If we are to become one with our spouses we must all come to understand their world of meaning. All too often we conflict and dispute what it is when all we simply have to ask is what it means to them.

In the beginning of our marriage I understood that love was romantic cards and dinner at a nice restaurant. It was my way of saying "I love you" and it worked for awhile. I found that I loved my wife the way I would be loved, not as she would be loved. Years into our marriage raised the persistent issue of dirty bathroom, especially the one the children used. You know how they look: as if an explosion took place behind the doors. Ligia would coax and coerce me but often she wound up doing the work herself. One day before company came to visit she was very serious about cleaning up the bathroom, mentioning that a very clean bathroom was very important to her and that it meant that I cared about her very much. I joked that a clean bathroom couldn't compete with a romantic night out. Then there came this eerie silence, and then she said, "Why not?"

I replied, "You're kidding right?"

"No I am not!"

So now I proclaim my love by cleaning bathrooms. I boast and point out the highlights of the job, (did you notice I got the cobwebs out of the corners, and got all the toothpaste off the mirror) and then bask in the light of her approving love. I have learned new meanings to love and care. The shiny bathtub exclaims, "I love you." The sanitized basin is my banner of devotion. Romance is not dead, just transformed into the smell of cleanser and Windex!

Ultimately we must come to comprehend what the Lord means when it comes to the profound understanding of eternal principles. These are discovered in the temple of the Lord.
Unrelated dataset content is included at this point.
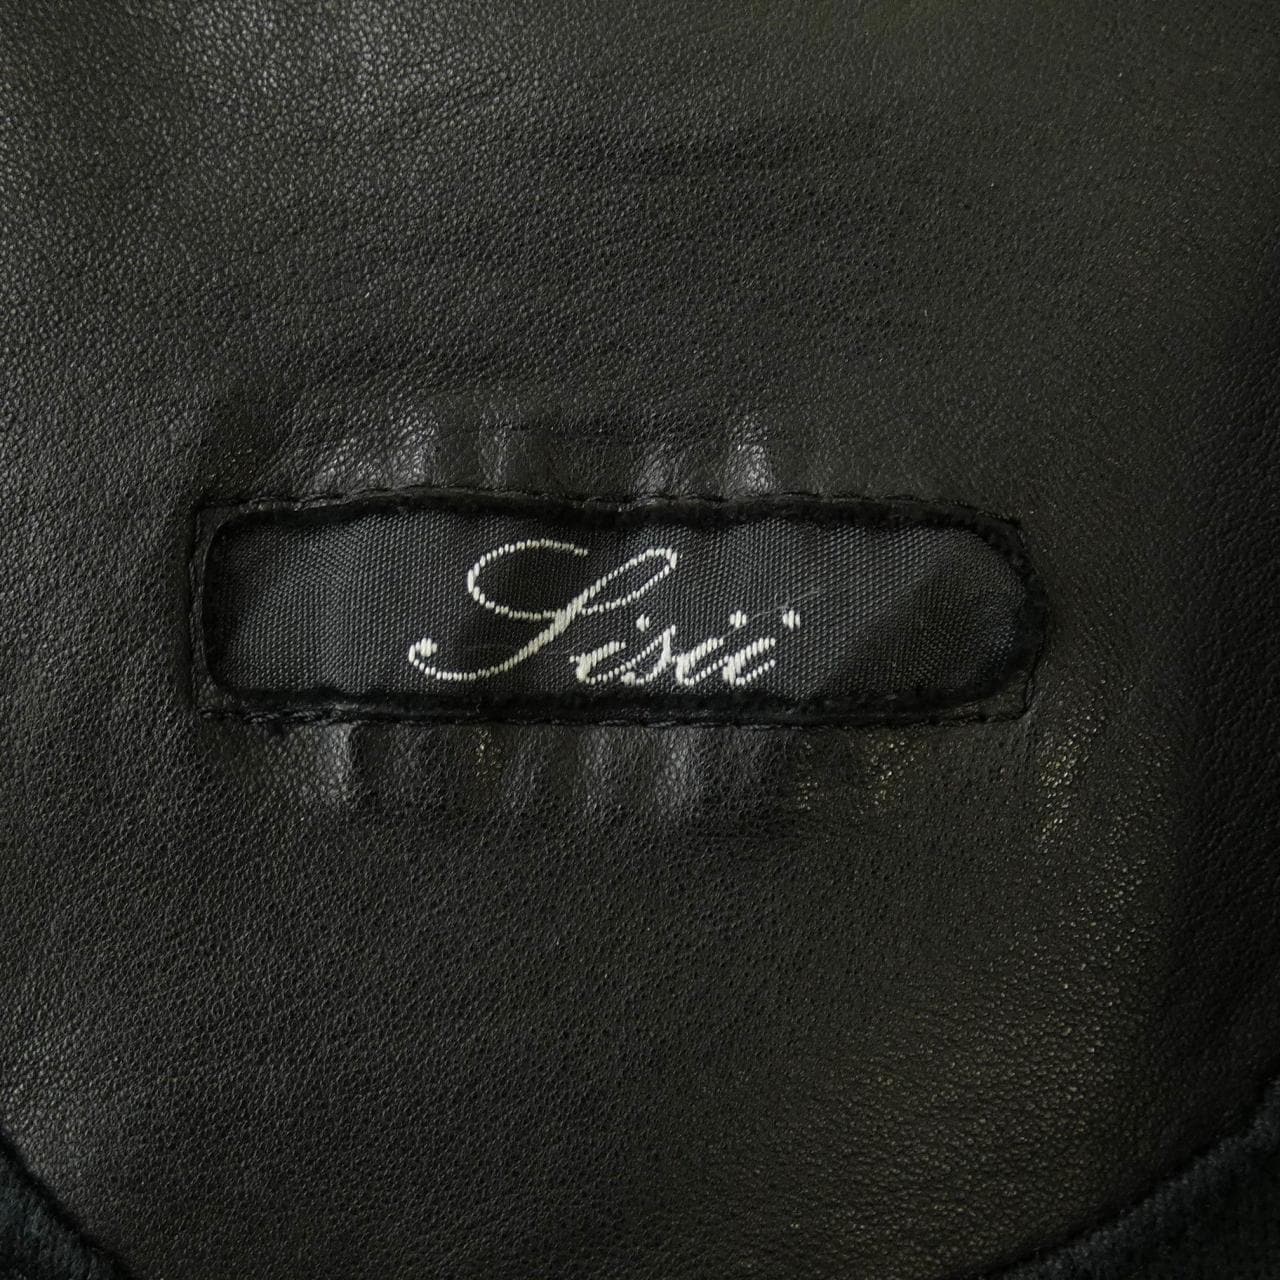 Sissi sisii leather jacket

In Psalms 27: 4, King David says, "One thing have I desired of the Lord, that I will seek after; that I may dwell in the house of the Lord all the days of my life, to behold the beauty of the Lord, and to enquire in his temple." There is much symbolism in the temple and it represents what the Lord would have you understand about you and your family's exaltation, those that preceded you, and those that will follow you forever. It is at the temple where you learn the profound nature and pattern of covenants and the eventual consecration of your lives. As you grow in understanding of consecration for example you begin to understand your purpose at this university. How would consecrating your education to the Lord change the reasons as to why you are here? If you consecrate your study time, your intellectual and artistic talents and abilities to the Lord, how would these change the meaning of obtaining an education?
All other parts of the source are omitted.